[This entry has been updated on May 21, 2010]
At precisely 6pm tonight, ASCO released the much-awaited abstracts for presentations at the upcoming cancer meeting. This included one on the interim analysis of Alnylam’s ALN-VSP02for the treatment of liver cancers (my review with Tobias Wolfram on VSP02) targeting both VEGF (antiangiogenic) and KSP (anti-proliferative) and delivered by first-generation SNALP technology*. Importantly, the drug showed an encouraging safety profile with no cases of flu-like hypersensitivity reactions up to the highest dose tested so far (0.7mg/kg, dose-escalation ongoing) and signs of hepatotoxicity up to 0.4mg/kg, the two most important expected potential toxicities for SNALP delivery-based drugs.
There was one death possibly related to the study drug in a patient with a pancreatic neuroendocrine tumor (most others had colorectal cancers) at the 0.7mg/kg dose level. This patient died of hepatic failure after receiving the 2nd of the 4 bi-weekly 15-minute infusions. While liver patients do often die from hepatic failure and patients in the trial probably have a relatively short 1-2 year life expectancy which means that deaths are to be expected in such a trial just by chance, because of the temporal association of the treatment with the death, a contribution of the drug cannot be excluded. A general hepatotoxicity of the drug or delivery technology, however, is unlikely because, unlike flu-like reactions to liposomal siRNAs, hepatotoxicities should be more uniform, at least in 'average' persons, but were otherwise absent in the 0.4mg/kg cohort as well as in the two other patients dosed at 0.7mg/kg. Similarly, except for a minor grade 2 infusion reaction that responded to slowing of the infusion, there were otherwise no significant adverse events, quite remarkable for such a cancer trial, which supports that the death was an isolated case of which the exact cause remains to be fully determined.
Interestingly, in the deceased patient there was extensive tumor necrosis following drug treatment and this was correlated with decreased blood flow as measured by DCE-MRI, consistent with successful VEGF inhibition. Although it cannot be excluded at this point, it is probably too early to say whether the death may have even had to do with too rapid tumor necrosis due to VEGF and/or KSP inhibition by affecting already impaired liver function in liver cancer patients. Altogether, blood flow was measured in 8 of the 12 patients treated as of December 2009 with 80% of the tumors showing a remarkable >40% decline [in blood flow].
Eyes are now on the more detailed data presentation at the ASCO meeting in June that will include further safety, tolerability and also pharmacodynamic data, possibly at even higher dose levels**. More information on the exact distribution of the declines in blood flow and the neuroendocrine patient history will be of particular interest.
* Second generation SNALP formulation have potencies that are about 10-50 increased compared to the one used in the present trial that had a predicted 50% knockdown potency at around 1mg/kg. This means that at therapeutically relevant doses for future SNALP-based drugs of around 0.05-0.2mg/kg, no significant toxicities have been observed so far in both Tekmira's SNALP-ApoB and Alnylam's ALN-VSP02 trials.

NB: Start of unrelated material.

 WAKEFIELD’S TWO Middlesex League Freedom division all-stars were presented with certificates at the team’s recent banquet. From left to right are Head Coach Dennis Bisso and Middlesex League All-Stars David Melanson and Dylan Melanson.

Putting the ALN-VSP02 Adverse Event into Context (update May 21, 2010)
It has come to my attention that there is considerable angst, especially among investors, about the one death in the trial. While every such case is unfortunate and has to be studied in detail whether it is linked to treatment with the investigational drug, let me emphasize that the reason why liver metastases are specifically treated for most cancers, including in this trial, is because they turn out to be rate-limiting for many of these late-stage patients. As such, more deaths are to be expected in this trial, also and especially due to liver failure. One caveat, however, is that the patient died after the 2nd infusion, that is between 2-4 weeks after dosing had been initiated and one of the enrollment criteria for the trial was a life expectancy of >12 weeks, so a contribution of the drug is likely.

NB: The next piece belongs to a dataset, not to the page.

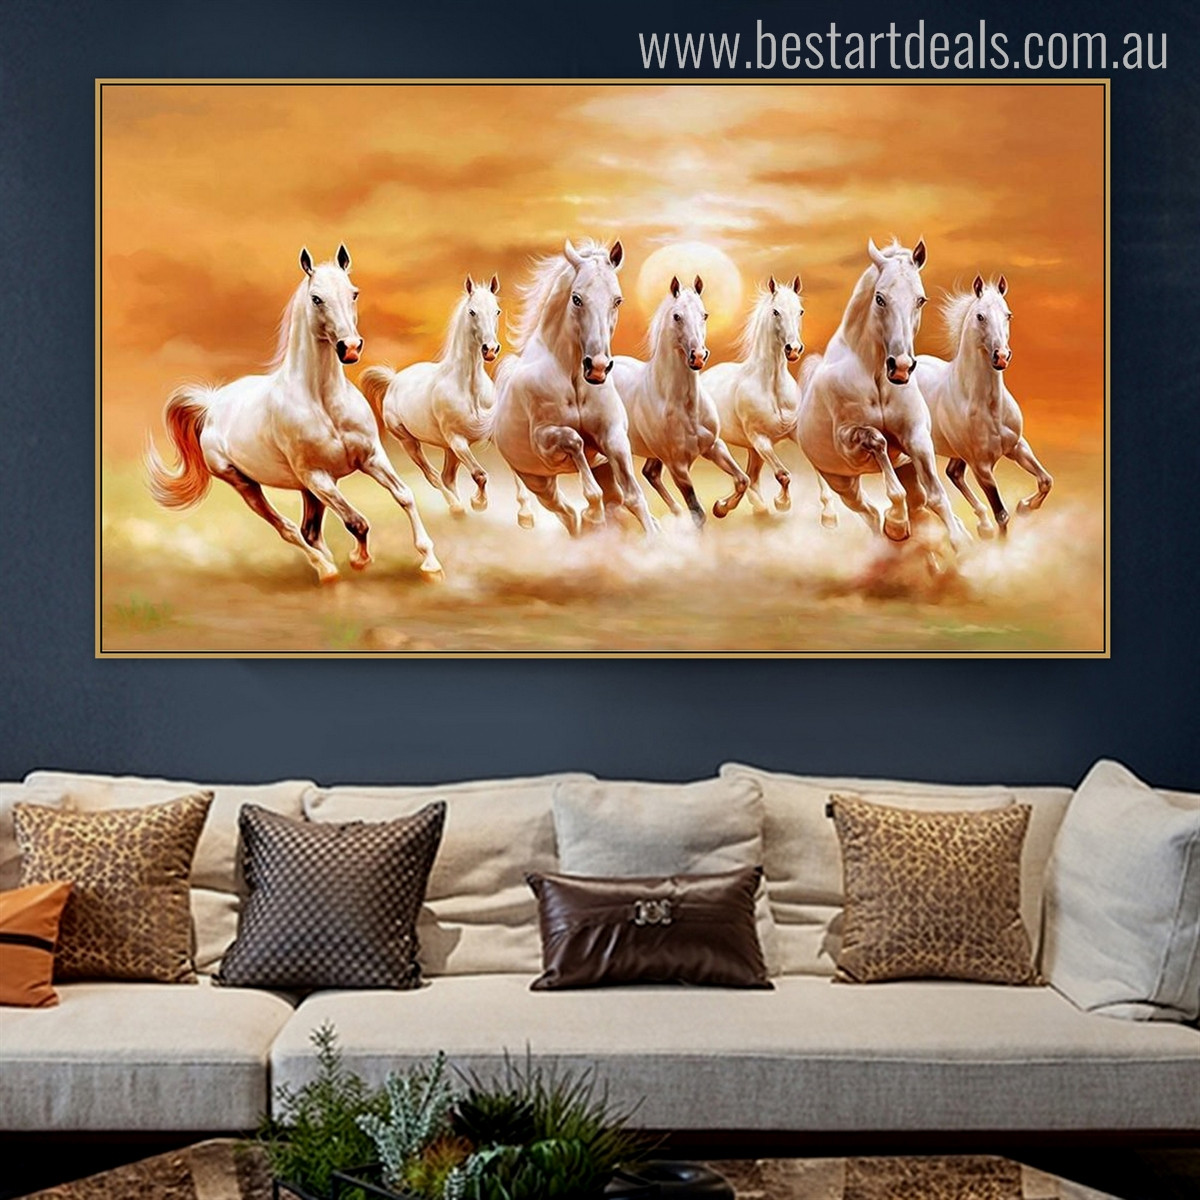 Group of Horses Animal Modern Painting Canvas Print for Living Room Wall Getup

A good indication about the seriousness of these adverse events as it relates to drug safety and risk:benefit is how regulators react to such reports that by the way have to be made in a timely manner, meaning that if there had been more such reports they must not have been deemed sufficient to stop the trial. Related to this, it will be important to learn whether the regulators allowed further dose escalation or whether the patients that have been recruited since the December 2009 abstract deadline were treated largely at the 0.4 and 0.7mg/kg dosages to further study the drug safety around these dose levels, although the company did say in their press release that the maximum tolerated dose has not been 'reached' yet [update: the company has since confirmed that dose escalation has continued since December 2009, meaning that at the very least there should now be data for the 1.0mg/kg cohort if not higher which reflects favorably on the safety profile thus far].
It is surprising that Alnylam did not comment generally much about the detailed data in the press release about the abstract. It is possible that they consider doing so at this point as being of little value since much more comprehensive and informative data will be presented soon at the ASCO.
In the meantime, unlike drugs developed maybe for restless legs syndrome or ED, deaths are a frequent occurrence of cancer drug development and investors have to live with that without assuming the worst.